IMALENT SA04 (Warm/Cool XM-L2, RGB, 4xAA, Touch Screen) Review: RUNTIME, VIDEO+


May 27, 2006



IMALENT is a relatively new manufacturer of flashlights, using a distinctive touch-screen interface to control output levels (among other features). In this review, I am looking at their 4xAA SA04 model – which features a unique ability to alter the relative tint contributions of the main Cool White and Warm White XM-L2 emitters.
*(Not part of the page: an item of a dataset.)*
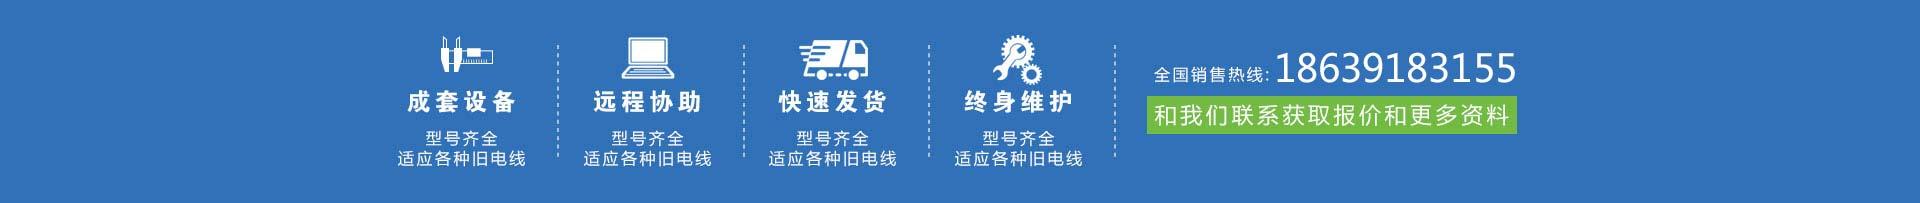 联系ag8国际科技huoqubao价和更多资料

The SA04 also includes a pair of tri-color RGB 5mm LEDs.

Given the fairly unique interface and feature set, this is likely to be a long review … :whistle:

Manufacturer Reported Specifications:
(note: as always, these are simply what the manufacturer provides – scroll down to see my actual testing results).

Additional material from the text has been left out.